Permettez à vos enfants de grandir. Et permettez-leur de grandir en étant présent.e à leurs côtés, peu importe s’ils-elles réussissent ou s’ils-elles se plantent. Que vous allez continuer de les aimer même s’ils-elles prennent des décisions qui leur attire des ennuis. Permettez-leur de réfléchir par eux même en leur apprenant à prendre des décisions libres et éclairées, et ce, même si vous êtes en désaccord avec leurs décisions. Leur permettre de prendre une décision libre et éclairée implique que vous n’allez pas les empêcher d’envoyer des sexfies, parce que de toute façon, ils-elles le feront dans votre dos s’ils-elles le souhaitent réellement. Nommez-leur que comme parent, vous allez mettre les filets de sécurité nécessaires et que vous ne les laisserez pas faire n’importe quoi. Mais vous avez la responsabilité de leur enseigner qu’ils-elles sont responsables et capables de réfléchir à la portée de leurs actions.

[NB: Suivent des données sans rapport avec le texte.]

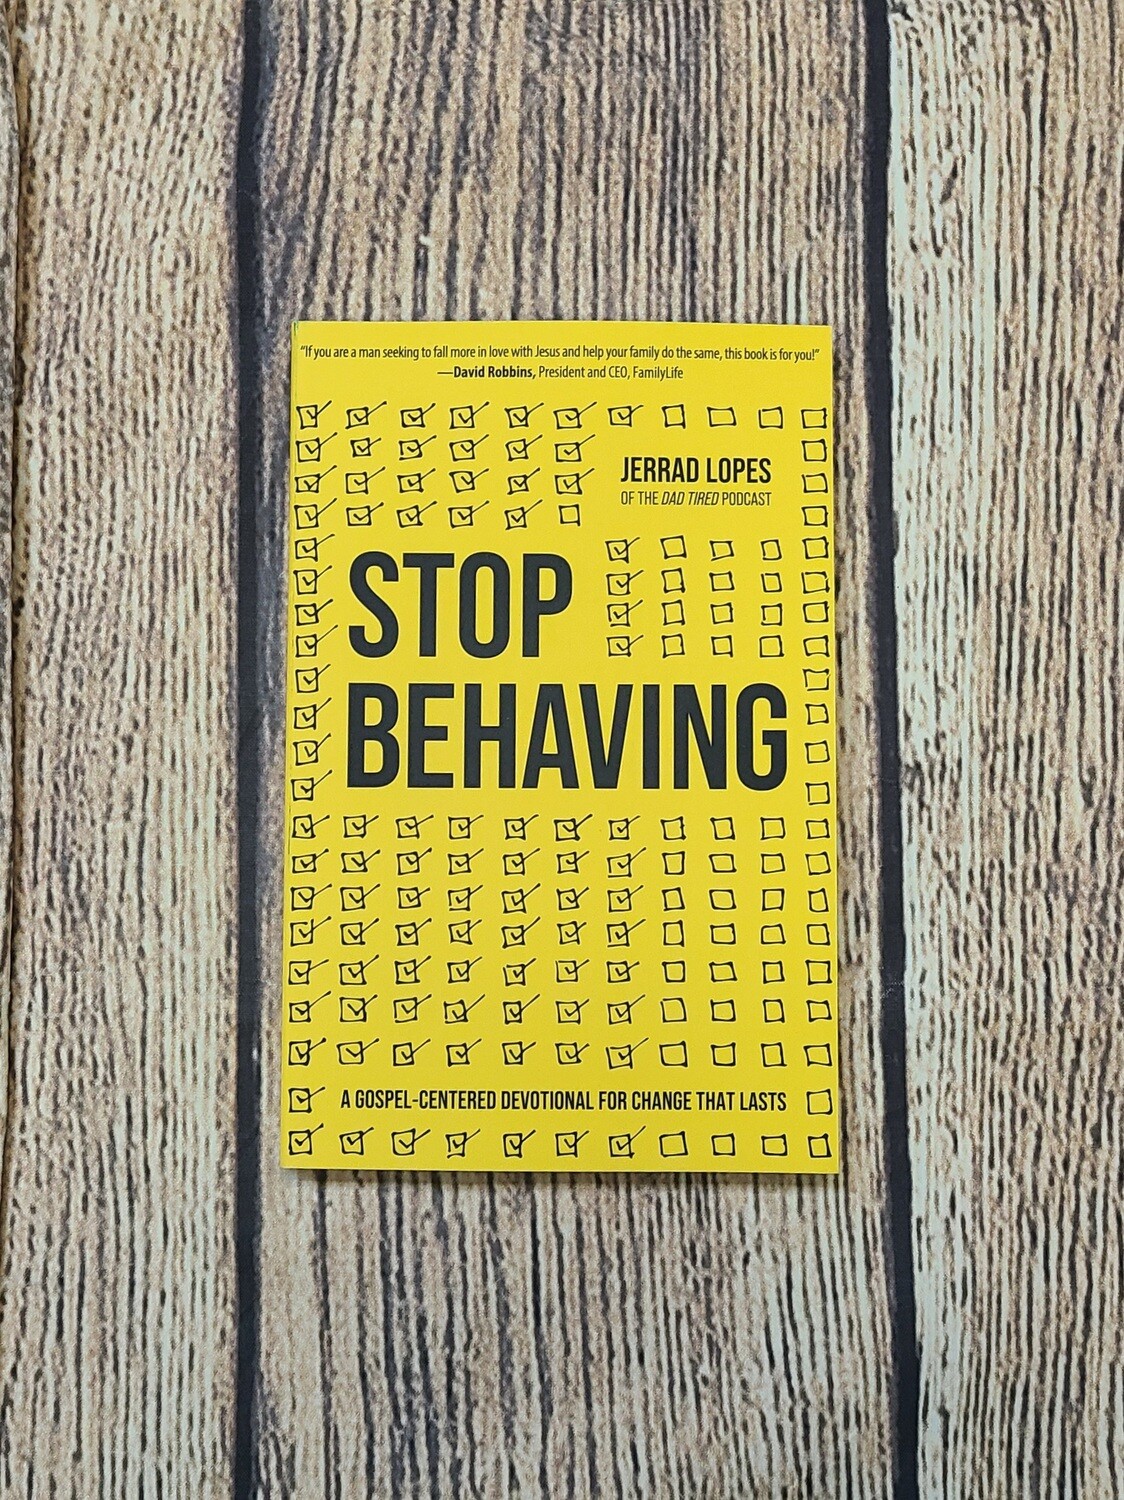 Stop Behaving: A Gospel-Centered Devotional for Change that Lasts by Jerrad Lopes - Paperback - New

Mine de rien, donner des conseils sur « comment envoyer une photo de soi nu.e en évitant que ça vous suive toute votre vie », c’est utile. Pour tout le monde. Pour les adultes et les ados. Une personne qui aime les sensations fortes sera justement attiré.e par le « trill » que ça donne de faire quelque chose qui comporte un risque. S’exciter de « Je ne sais pas ce qui va arriver » est une composante saine de la montée du désir sexuel. L’autre composante est de s’assurer d’avoir une base de sécurité. Oui, dans un monde idéal, rempli de licorne, on pourrait faire confiance aveuglément à tout le monde. Oui, il est nécessaire aussi de s’adresser aux personnes qui reçoivent les sexfies en les responsabilisant sur l’aspect de partage privé vs partage public. Mais la personne qui l’envoie a elle aussi une responsabilité de s’assurer de sa sécurité et de ne pas se lancer dans le vide du 4e étage avec juste un casque de vélo.

Se questionner sur sa sécurité tout en s’excitant, ça peut être d’envoyer une partie de son corps sans montrer son visage, en prenant soin de ne pas montrer de signes distinctifs qui permettraient d’identifier une personne facilement. « Montrer seulement le corps sans le visage, c’est objectifiant ». Tout à fait. Et ça laisse place à imaginer le reste tout en assurant une part de sécurité. Oui, le risque que des pédophiles récupèrent les photos reste présent. C’est précisément l’idée de l’approche de réduction des méfaits; la solution est imparfaite et continue de comporter des risques, mais on gère un peu mieux le risque, sans qu’il soit complètement évacué.